The hard drive is rarely considered the primary cause in bottleneck cases; we usually tend to suspect the applications installed on the server.
People often think the source of system performance issues is either disk corruption or insufficient disk space, but Physical Disk: %disk time and Physical Disk: Current Disk Queue Length are equally important metrics that work in parallel. There are few other ways to detect hard drive problems using other metrics, but for now I will only focus on these two performance counters.
Physical Disk: %disk time monitors the percentage of time that the disk is in use. If it runs over 90%, then the system is struggling.
Physical Disk: Current Disk Queue Length indicates both the number of requests being served and the number currently waiting for disk access.
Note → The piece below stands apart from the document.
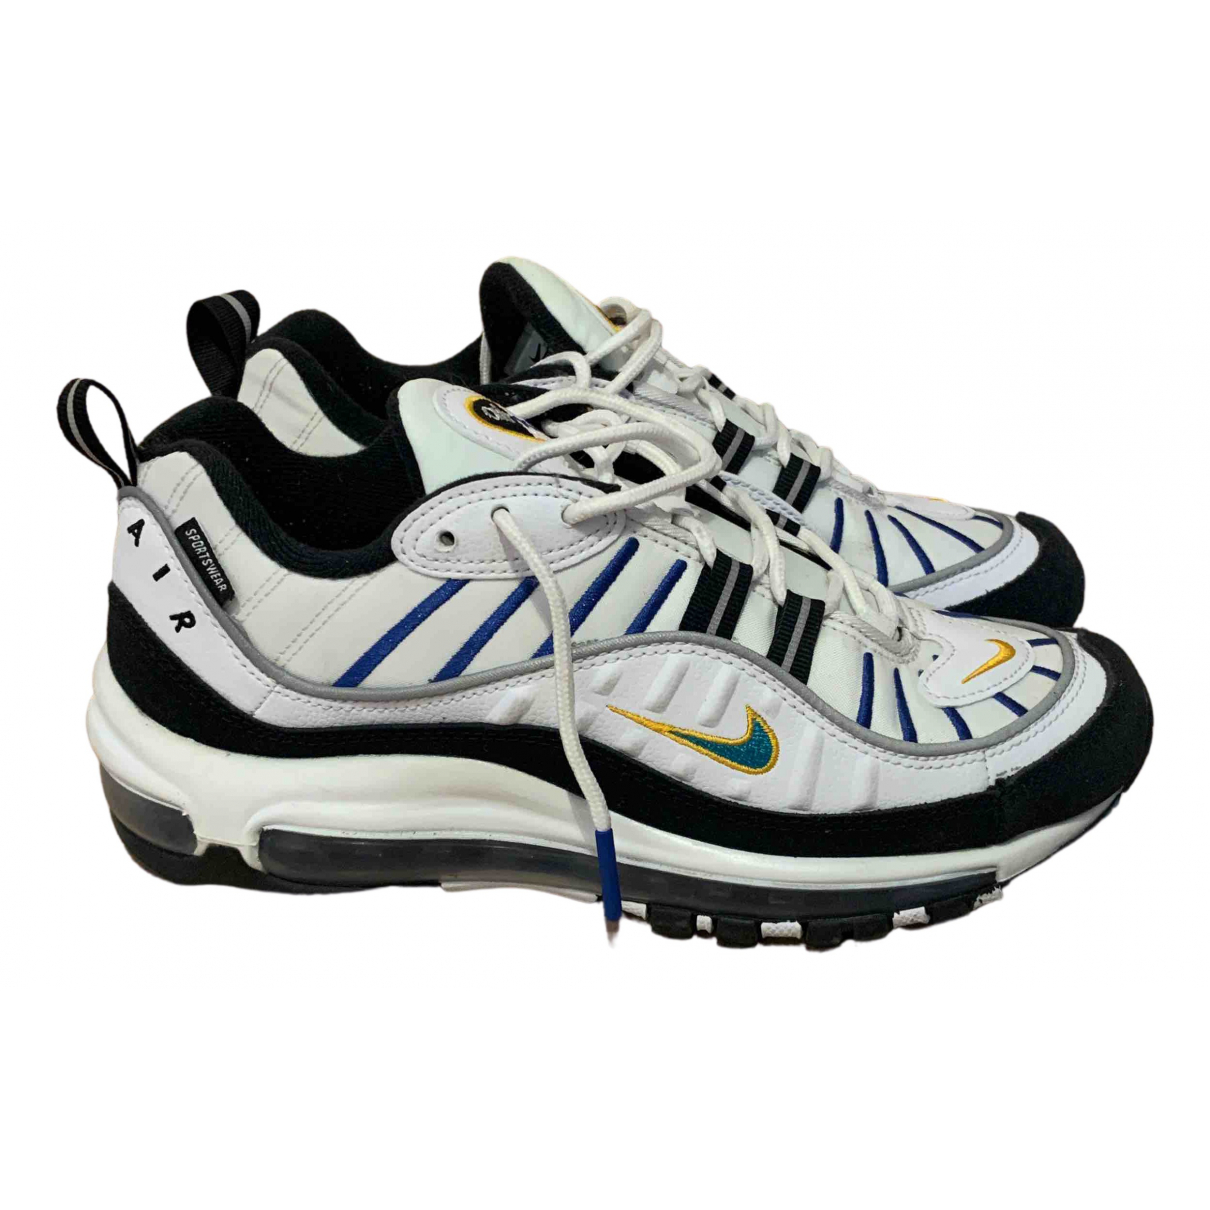 Nike - Baskets Air Max 98 pour femme en toile - blanc

This number should fluctuate, and not exceed 1.5 to 2 times the number of spindles1 that make up the physical disk.
Figure 1: shows a healthy hard drive. Notice the Current Disk Queue Length (green line) is sometimes high, but it’s not an indication of a bottleneck since the %Disk time (red line) is below 90%.
Figure 2: When the peak stalls at high number, e.g., +90% (the vertical red line), then you must monitor the Current disk queue length (red circle). If the queue length number exceeds 2 or 4 (depending on the number of spindles), this is a good indication of a bottleneck.
Solution:
If you confirm that the hard drive is having issues, here are some steps to follow:
1- Run a defrag on the server: it is strongly recommended to do this OFF hours
2- Move some heavily used files and folders to another disk (not a partition) or another server, such as log files and the mail queue (if possible)
3- Run the command CHKDSK (without /F) to see if you have any disk problems
4- If you are using RAID, make sure that you are using write-back mode
5- Or, finally, get a new hard drive with a higher rpm (10000 or 15000 rpm).
1 The spindle is a shaft that holds the hard disk assembly and rotates the platter(s) at a speed that ranges from 5400 to 15000 rpm
Indeed, Al. How many times do Support teams spend hours debugging a case, running through all applications only to find the issue is a faulty drive. And worse, the faults occur unpredictably and are very hard to reproduce. Prevention is the key and maintenance of drive health.
How about a post on those cases?